▶ _WHAT IS NEEDED_:
Reproduce word for word the lines between those holding "Vertax E14 Battery grip For Canon 70D" and "Écharpe adidas Croatie Fan Euro 2020", inclusive, and nothing else from the data below.

▶ _MATERIAL FOR THIS EXERCISE_:
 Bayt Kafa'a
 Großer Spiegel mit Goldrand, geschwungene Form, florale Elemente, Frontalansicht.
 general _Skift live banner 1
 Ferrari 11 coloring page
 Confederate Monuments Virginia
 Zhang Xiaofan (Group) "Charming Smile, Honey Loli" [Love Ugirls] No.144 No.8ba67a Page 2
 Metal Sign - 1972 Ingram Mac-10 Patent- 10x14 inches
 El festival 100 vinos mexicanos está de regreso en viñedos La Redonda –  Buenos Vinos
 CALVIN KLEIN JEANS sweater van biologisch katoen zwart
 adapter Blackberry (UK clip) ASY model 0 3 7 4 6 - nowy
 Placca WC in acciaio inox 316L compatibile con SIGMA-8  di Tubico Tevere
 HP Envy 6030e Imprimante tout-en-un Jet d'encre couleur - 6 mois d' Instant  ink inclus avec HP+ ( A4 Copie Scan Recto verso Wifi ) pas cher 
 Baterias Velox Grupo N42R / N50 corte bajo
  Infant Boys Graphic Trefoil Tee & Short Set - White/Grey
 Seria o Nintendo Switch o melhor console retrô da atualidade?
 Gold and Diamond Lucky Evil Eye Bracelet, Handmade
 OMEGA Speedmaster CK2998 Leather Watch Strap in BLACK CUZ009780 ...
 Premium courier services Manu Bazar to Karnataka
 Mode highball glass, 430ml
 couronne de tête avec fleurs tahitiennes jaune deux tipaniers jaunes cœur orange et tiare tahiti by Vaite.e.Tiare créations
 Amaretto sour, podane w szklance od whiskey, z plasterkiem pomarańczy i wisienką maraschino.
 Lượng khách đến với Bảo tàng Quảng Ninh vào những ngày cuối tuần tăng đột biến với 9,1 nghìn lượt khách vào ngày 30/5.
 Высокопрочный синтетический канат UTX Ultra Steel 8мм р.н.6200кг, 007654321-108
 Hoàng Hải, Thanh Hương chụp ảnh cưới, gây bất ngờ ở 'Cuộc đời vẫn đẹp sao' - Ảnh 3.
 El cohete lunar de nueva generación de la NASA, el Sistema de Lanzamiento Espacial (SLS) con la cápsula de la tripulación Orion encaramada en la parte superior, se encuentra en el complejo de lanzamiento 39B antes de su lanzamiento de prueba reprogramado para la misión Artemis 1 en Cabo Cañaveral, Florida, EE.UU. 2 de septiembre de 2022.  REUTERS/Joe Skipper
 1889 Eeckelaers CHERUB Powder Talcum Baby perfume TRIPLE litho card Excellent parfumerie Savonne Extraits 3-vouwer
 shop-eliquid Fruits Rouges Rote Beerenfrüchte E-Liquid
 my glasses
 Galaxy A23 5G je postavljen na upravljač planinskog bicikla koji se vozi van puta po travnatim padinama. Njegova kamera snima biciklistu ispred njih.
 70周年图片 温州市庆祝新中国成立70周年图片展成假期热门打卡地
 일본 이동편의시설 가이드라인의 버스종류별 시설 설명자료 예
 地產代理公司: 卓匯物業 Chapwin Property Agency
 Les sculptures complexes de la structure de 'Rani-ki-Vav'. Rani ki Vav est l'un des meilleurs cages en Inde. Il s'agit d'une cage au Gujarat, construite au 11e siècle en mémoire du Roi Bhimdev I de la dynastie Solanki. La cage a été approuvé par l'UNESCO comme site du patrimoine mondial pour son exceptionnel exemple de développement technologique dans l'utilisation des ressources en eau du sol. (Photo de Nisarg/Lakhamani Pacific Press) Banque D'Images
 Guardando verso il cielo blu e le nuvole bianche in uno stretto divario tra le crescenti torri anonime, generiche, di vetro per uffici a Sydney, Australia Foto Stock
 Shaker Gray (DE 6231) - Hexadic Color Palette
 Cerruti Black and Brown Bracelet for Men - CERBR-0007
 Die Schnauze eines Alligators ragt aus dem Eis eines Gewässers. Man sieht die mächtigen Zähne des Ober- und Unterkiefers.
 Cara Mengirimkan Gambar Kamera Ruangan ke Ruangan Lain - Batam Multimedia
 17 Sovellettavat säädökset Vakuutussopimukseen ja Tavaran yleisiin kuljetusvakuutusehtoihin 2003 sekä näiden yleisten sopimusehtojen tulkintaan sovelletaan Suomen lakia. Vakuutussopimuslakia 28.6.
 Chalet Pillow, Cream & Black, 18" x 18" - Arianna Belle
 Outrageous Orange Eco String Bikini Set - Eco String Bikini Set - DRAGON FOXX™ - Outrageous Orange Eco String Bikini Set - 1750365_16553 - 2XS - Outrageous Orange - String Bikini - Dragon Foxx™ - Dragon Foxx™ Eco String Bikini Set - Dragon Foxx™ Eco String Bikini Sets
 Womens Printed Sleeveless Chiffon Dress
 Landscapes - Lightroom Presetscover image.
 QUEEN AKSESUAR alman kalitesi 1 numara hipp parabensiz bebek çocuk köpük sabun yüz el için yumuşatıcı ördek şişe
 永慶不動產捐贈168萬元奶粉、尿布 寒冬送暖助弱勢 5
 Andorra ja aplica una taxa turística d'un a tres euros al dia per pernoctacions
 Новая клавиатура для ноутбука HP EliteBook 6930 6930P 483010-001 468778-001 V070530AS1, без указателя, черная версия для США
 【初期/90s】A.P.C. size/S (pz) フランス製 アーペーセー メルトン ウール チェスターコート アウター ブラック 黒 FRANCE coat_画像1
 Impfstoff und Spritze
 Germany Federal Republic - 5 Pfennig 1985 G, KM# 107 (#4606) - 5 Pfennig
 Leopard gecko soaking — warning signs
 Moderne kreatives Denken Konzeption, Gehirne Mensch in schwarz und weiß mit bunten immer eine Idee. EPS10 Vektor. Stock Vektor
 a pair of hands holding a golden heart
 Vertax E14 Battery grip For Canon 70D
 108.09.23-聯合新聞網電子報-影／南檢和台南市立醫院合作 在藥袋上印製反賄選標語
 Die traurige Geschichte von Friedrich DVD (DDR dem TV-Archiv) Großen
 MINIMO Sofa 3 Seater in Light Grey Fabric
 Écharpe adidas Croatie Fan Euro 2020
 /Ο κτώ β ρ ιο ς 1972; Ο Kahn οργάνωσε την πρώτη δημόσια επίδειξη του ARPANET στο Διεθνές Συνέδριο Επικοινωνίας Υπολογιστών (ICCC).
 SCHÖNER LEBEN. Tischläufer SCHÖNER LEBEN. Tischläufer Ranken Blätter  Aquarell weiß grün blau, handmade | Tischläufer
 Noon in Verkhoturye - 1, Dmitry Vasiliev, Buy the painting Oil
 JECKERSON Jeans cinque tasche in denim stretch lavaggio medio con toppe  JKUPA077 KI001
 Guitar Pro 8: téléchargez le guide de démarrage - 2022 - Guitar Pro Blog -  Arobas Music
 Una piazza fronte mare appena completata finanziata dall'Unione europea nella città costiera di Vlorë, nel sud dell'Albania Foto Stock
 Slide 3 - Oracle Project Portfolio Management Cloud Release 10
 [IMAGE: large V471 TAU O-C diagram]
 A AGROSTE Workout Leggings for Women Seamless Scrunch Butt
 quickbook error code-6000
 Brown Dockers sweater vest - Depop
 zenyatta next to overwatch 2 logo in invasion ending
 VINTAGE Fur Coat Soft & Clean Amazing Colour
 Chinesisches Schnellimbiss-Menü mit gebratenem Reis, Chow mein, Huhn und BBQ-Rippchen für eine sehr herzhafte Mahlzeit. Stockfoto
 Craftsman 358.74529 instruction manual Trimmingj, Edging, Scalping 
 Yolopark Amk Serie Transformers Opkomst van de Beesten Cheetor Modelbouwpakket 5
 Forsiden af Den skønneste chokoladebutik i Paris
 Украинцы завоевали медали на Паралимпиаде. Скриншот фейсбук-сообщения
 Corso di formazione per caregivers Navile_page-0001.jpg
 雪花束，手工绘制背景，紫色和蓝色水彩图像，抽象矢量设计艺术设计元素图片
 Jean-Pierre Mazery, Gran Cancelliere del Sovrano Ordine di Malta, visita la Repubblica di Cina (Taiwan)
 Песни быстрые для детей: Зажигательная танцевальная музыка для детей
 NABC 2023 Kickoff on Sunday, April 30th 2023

▶ _TASK RESPONSE_:
 Vertax E14 Battery grip For Canon 70D
 108.09.23-聯合新聞網電子報-影／南檢和台南市立醫院合作 在藥袋上印製反賄選標語
 Die traurige Geschichte von Friedrich DVD (DDR dem TV-Archiv) Großen
 MINIMO Sofa 3 Seater in Light Grey Fabric
 Écharpe adidas Croatie Fan Euro 2020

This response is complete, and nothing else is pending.